Another method uses the PRICE algorithm to pick up translation from ribosome profiling data. PRICE (Probabilistic inference of codon activities by an EM algorithm) is a method to identify translated ORFs. Make sure you have the right Java distribution as stated on the wiki of PRICE. The right Java distribution is also available in a separate Conda environment.
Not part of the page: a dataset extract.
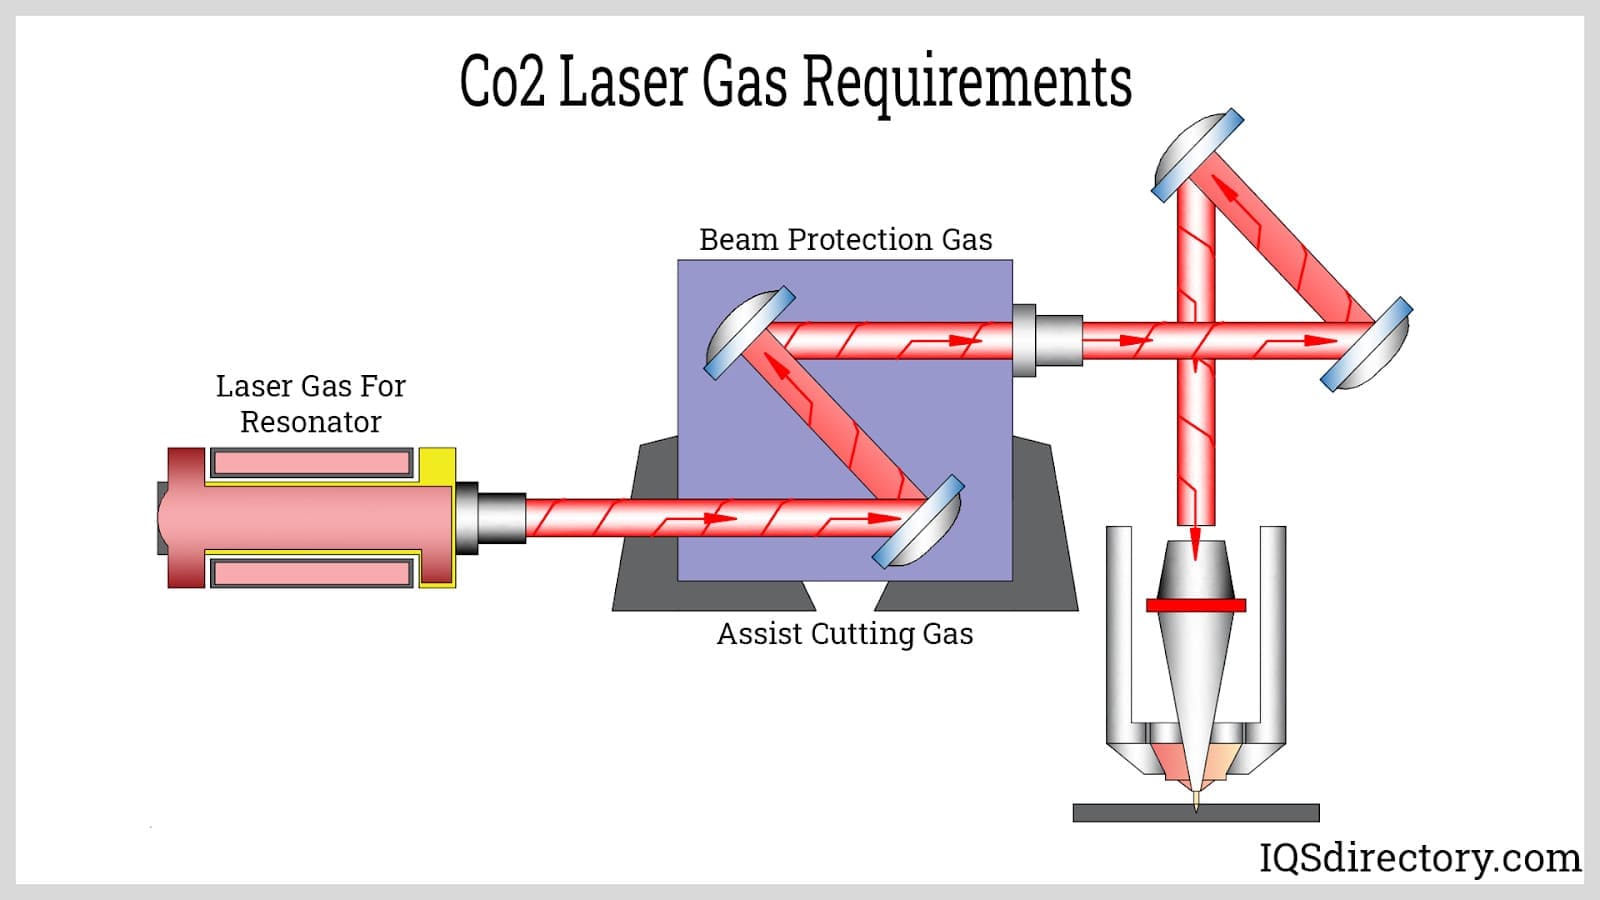 CO2 laser Gas Requirements
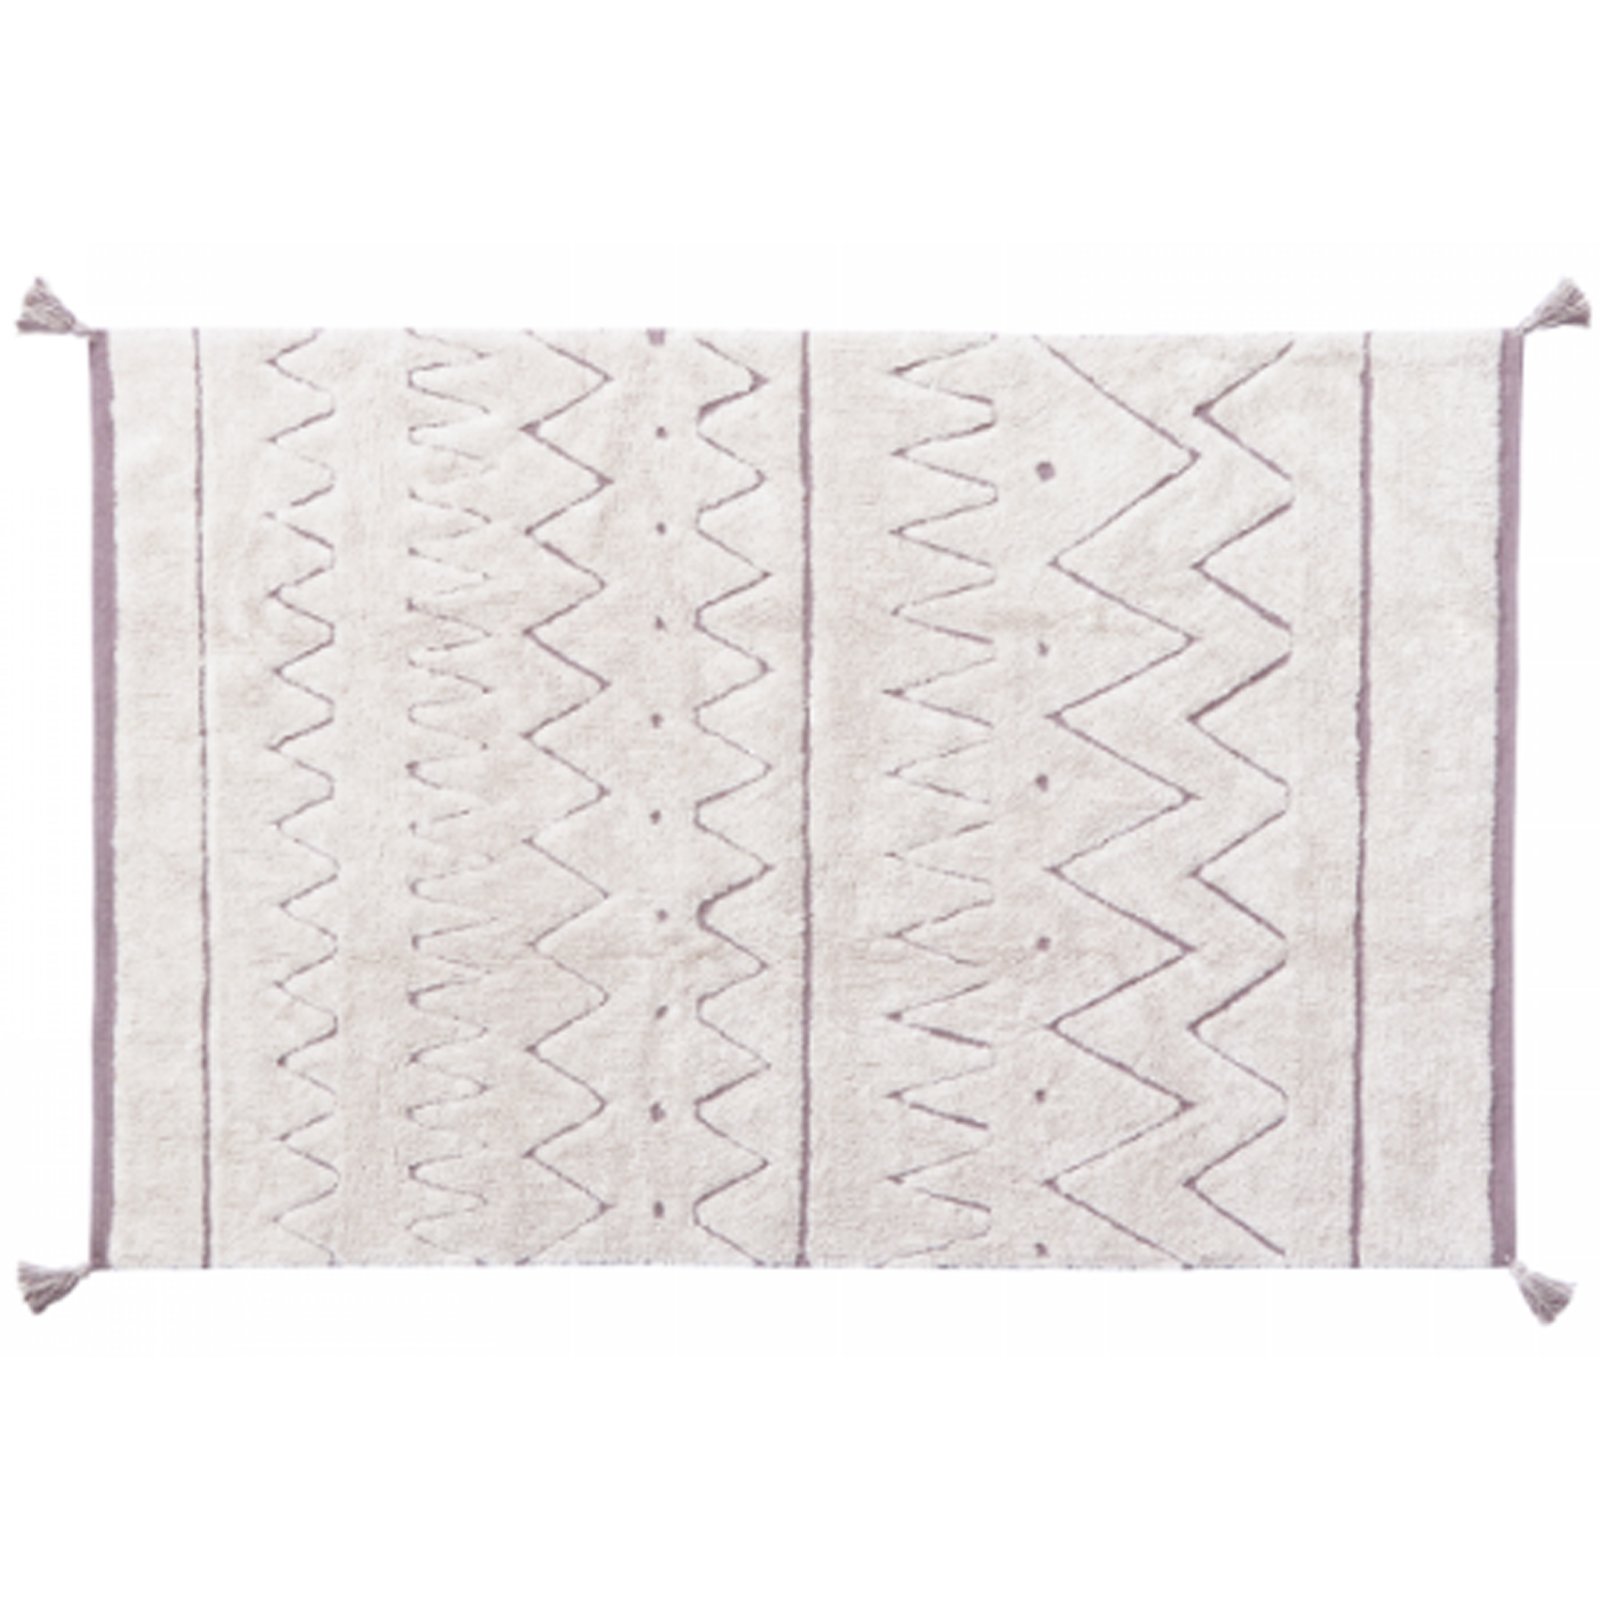 Tapete RugCycled Azteca M 140 x 200 cm - Lorena Canals

You can activate this environment with following command:

source activate price

PROTEOFORMER contains a wrapper that fully executes PRICE and uses its results in order to obtain a candidate translation product table similar to the assembly table. PRICE does not account for selenocysteines, so these cannot be included with this methodology. Execution of PRICE comprises genome reference preparation, the actual PRICE run and conversion of the output CIT file. Afterwards the output of PRICE will be combined with information from Ensembl in order to obtain all needed features of the translation product table. All these steps are included in the PROTEOFORMER wrapper program. The wrapper let PRICE use both treatment samples if they are available but it is also possible to run the PRICE wrapper with only an untreated/CHX sample.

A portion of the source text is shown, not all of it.